The Synoptic Gospels depict Jesus transfigured in his heavenly glory, shining in bright light, something only three apostles are privileged to behold. Destination NBA’s visuals suggest reaching the NBA is a dazzling rarity, an aspirational glory that few souls ever experience. Dinwiddie reminds viewers that there are only “450 spots in the NBA” and even those in the G League are among the best “1,000 players” out of the 8 billion people on Earth. Being a G League player is an astounding achievement. Despite the lack of pomp and posh, to make it to the G League is itself a glory. Yet, for York and his fellow aspirants, the G League’s glory falls short.

The G-Leaguers’ hunger for the NBA—a glory beyond glory—is reminiscent, for Christians, of the beatific vision, the telos of salvation: beholding Christ's glory and being transformed into his likeness fully. This burning desire explains why even life’s best goods seem to fall flat. Humanity possesses a wondrous desire for glory that is to be used and enjoyed in a multiplicity of ways, but always tethered to and ultimately and triumphantly satisfied in God alone. Anything less leaves us thirsty. St. Augustine captured it well: “Our hearts are restless until they rest in you, O Lord.”

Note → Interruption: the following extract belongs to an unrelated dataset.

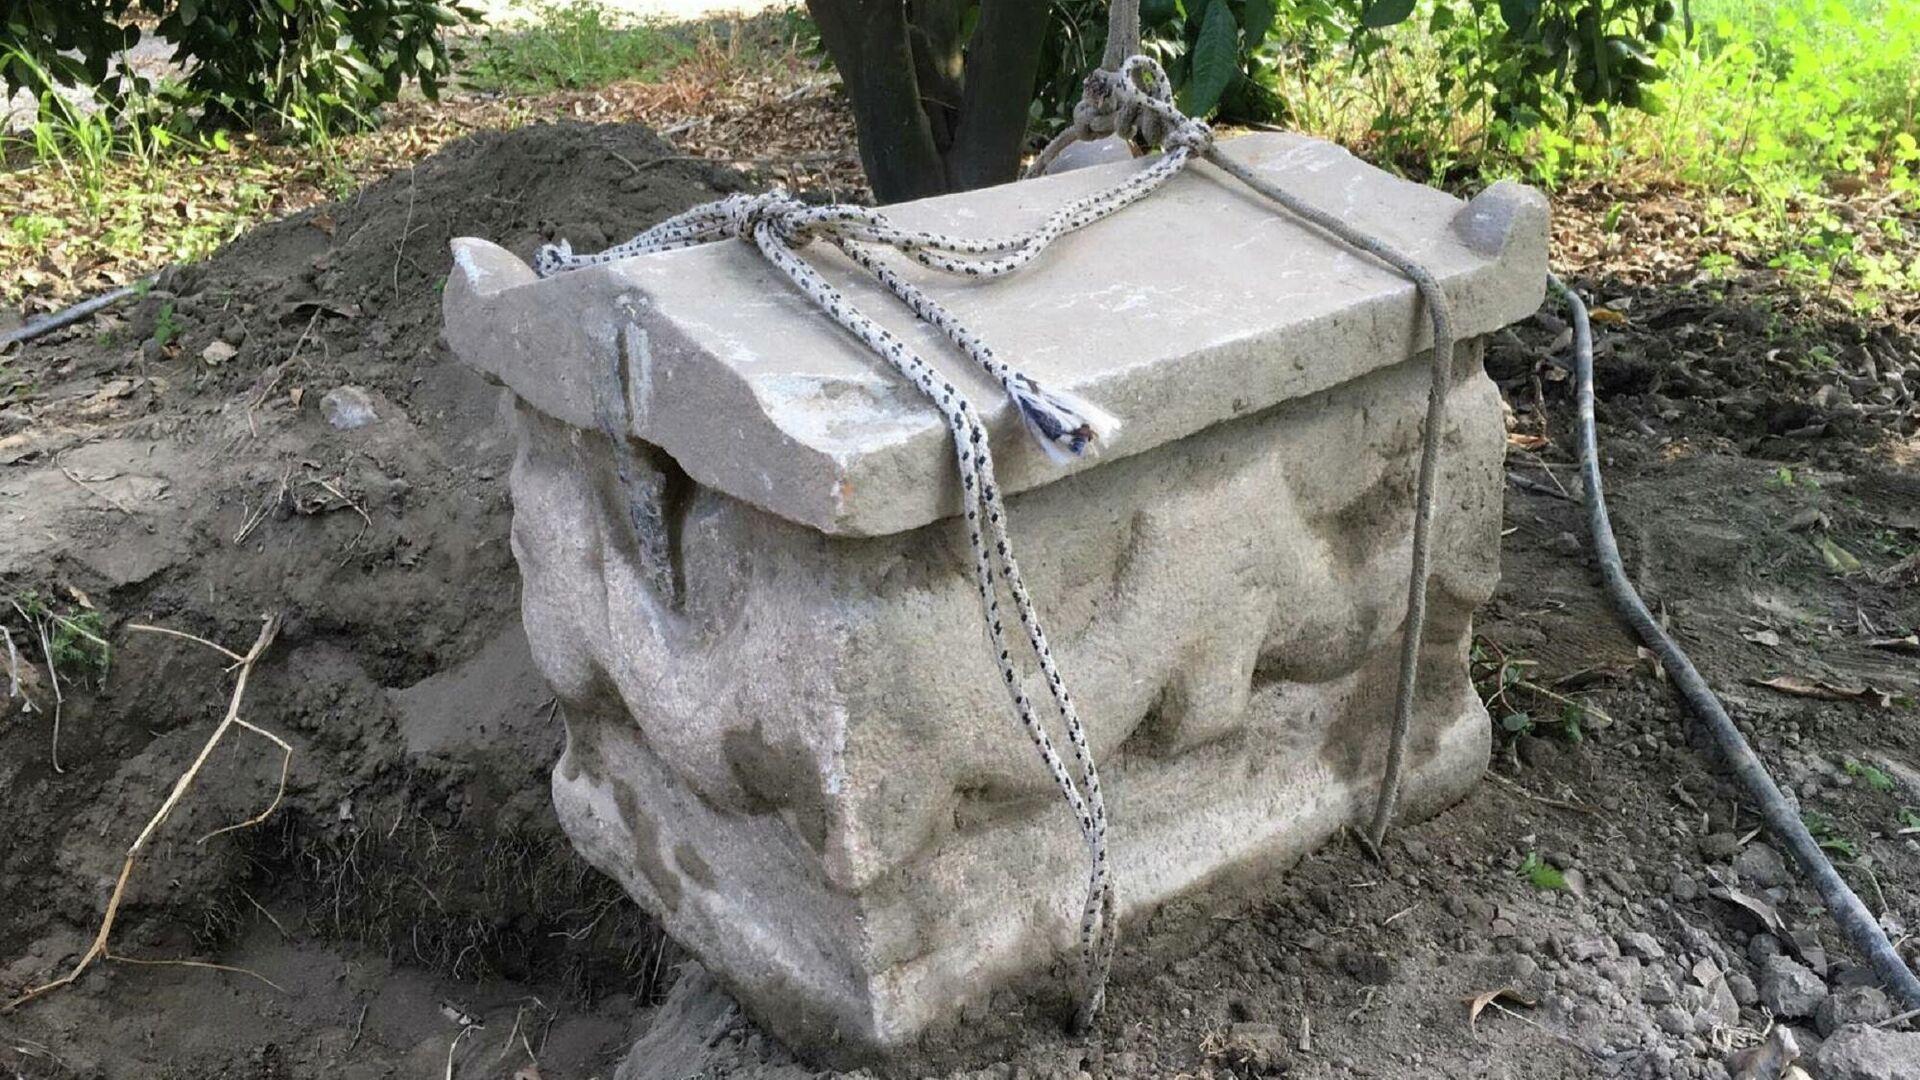 İzmir'in Selçuk ilçesinde, jandarma ekiplerince yapılan operasyonda, M.Ö. 3. yüzyıldan Roma dönemine ait ostotek lahit ele geçirildi. - Sputnik Türkiye, 1920, 16.09.2021

For the G Leaguers, there is no rest, only restlessness. The doc is filled with scenes of rugged training; when the players are not in the gym, their downtime is primarily spent lurking in dimly lit hotels, pondering when and if their big break will arrive. This restless yearning can border on idolatry, but it’s also reminiscent of straining toward a high and glorious calling.

Surprisingly, the documentary’s opening showcases the one fleeting moment when a G Leaguer receives the lens flare's glorious aura. York is telling the story of his second NBA game, checking into the contest across from superstar Kevin Durant. York expects Durant to diss him as most pros do to recent call-ups. Instead, Durant honors York’s pilgrimage: “I seen what it took to get here. . . . Congrats.” The visual aura which only shines upon pros during the documentary rests briefly upon York. It’s the light he’ll chase for the rest of the documentary, maybe his career.

No wonder these players keep reaching for this glory despite injury setbacks and bad breaks. For them, basketball is beatific, a site of potential glorious transcendence. Time reveals however that even basketball’s glory is short-lived; bodies and skills atrophy, while the legacies of the greats are slowly forgotten. Christianity teaches us that there is only one beatific glory, the Good to which all other goods are faint echoes: beholding God himself.

How do we grasp this glory? For us, like York, it is only by the virtue of an unexpected spoken word that we are transfigured with glory, placed on a path toward the destination for which our hearts yearn. The Apostle Paul proclaims, “For God, who said, ‘Let light shine out of darkness,’ made his light shine in our hearts to give us the light of the knowledge of the glory of God in the face of Christ.” This gospel glory makes us yearn for more: the desire to be fully satisfied by fully beholding our Creator and Redeemer. Reaching this destination requires making peace with a glory hunger—enjoying traces of grace and glory down below in the valley of setbacks and trials—as we wait to ascend to the full, inexhaustible glory of Christ in the life to come.